When the U.S. Supreme Court, even as it validated the constitutionality of the Affordable Care Act’s individual mandate, held that Congress could not require states to participate in ACA’s Medicaid expansion as a condition for participation in the Medicaid program, no one (so far as I can recall) predicted it might make Medicaid largely bullet-proof in short-term budget negotiations. But that’s largely what has happened, at least in the current round of fiscal talks. Here’s WaPo’s Sarah Cliff:
[A]s legislators eye entitlements as one way to cut the deficit, advocates see a silver lining in the Supreme Court’s decision: The White House appears reticent to cut Medicaid at the same time it’s trying to woo governors into participating in a crucial Affordable Care Act provision.
“There’s a deep realization among Democrats that the Supreme Court altered the dynamic on Medicaid,” said Neera Tanden, president of the left-leaning Center for American Progress. “We live in a new reality where any additional burdens to Medicaid could have new meaning.”
“I have participated in many different types of meeting that included White House staff, and there’s a strong conviction that Medicaid really deserves the highest protection,” said Ron Pollack, president of health advocacy group Families USA. “The Supreme Court decision changed the dynamic of the process, in a way that requires stronger protection of federal funding to the states.”
The basic logic is that in the 23 states that have not yet decided whether to participate in the Medicaid expansion, any indication that the federal government’s commitment to bearing its high share of the burden of financing the program could prove to be political dynamite. For its part, aside from the desire to implement Obamacare as it was originally designed, the administration is already struggling with the task of establishing health exchanges in states that are not cooperating by creating their own. States rejecting the Medicaid expansion place additional strains on the exchanges, which will have to pick up millions of people who might have been covered by Medicaid.

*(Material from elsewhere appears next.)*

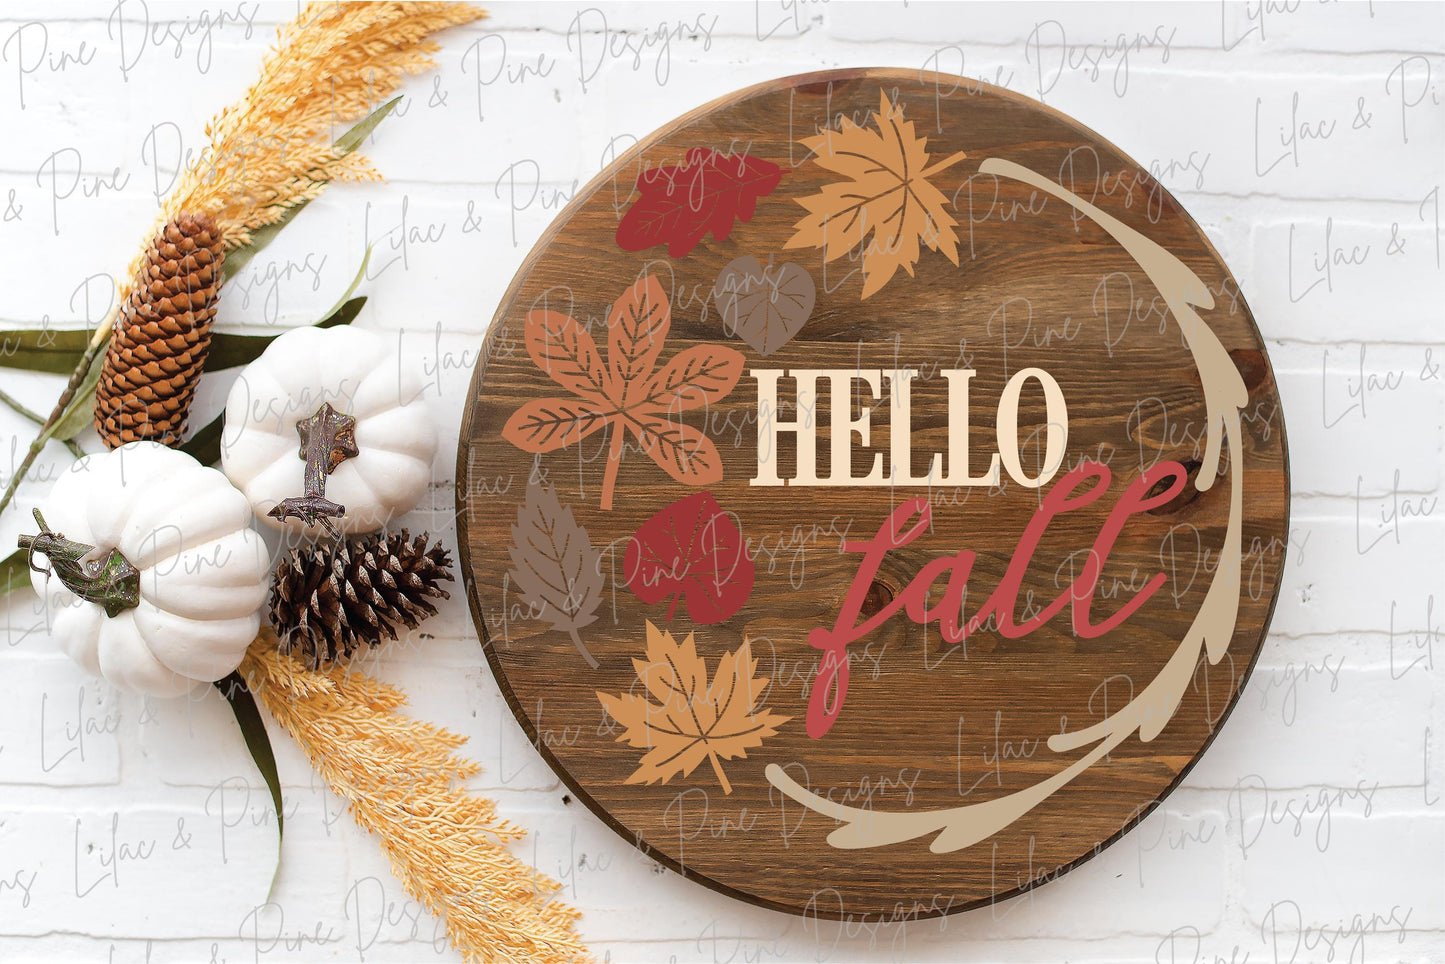 Hello Fall door hanger SVG, Fall welcome sign SVG, fall leaves round door hanger, Fall porch decor, Fall round sign svg, Glowforge laser SVG

Says Bob Greenstein of the Center for Budget and Policy Priorites and a tireless advocate for Medicaid and other federal-state low-income programs:
“The states’ decisions are probably the single most consequential decisions for Medicaid in 40 years,” he said. “The White House understands that. this is the single issue where the savings they’re pursuing are less significant than the ones proposed in their 2013 budget.”
That’s quite a welcome turn of events, since not that very long ago the big question about Medicaid was whether a Republican president and Congress might all but obliterate the program by turning it into a block grant, with big red flashing signals inviting the very state officials hostile to the ACA Medicaid expansion to move in the opposite direction, cutting benefits and eligibility radically.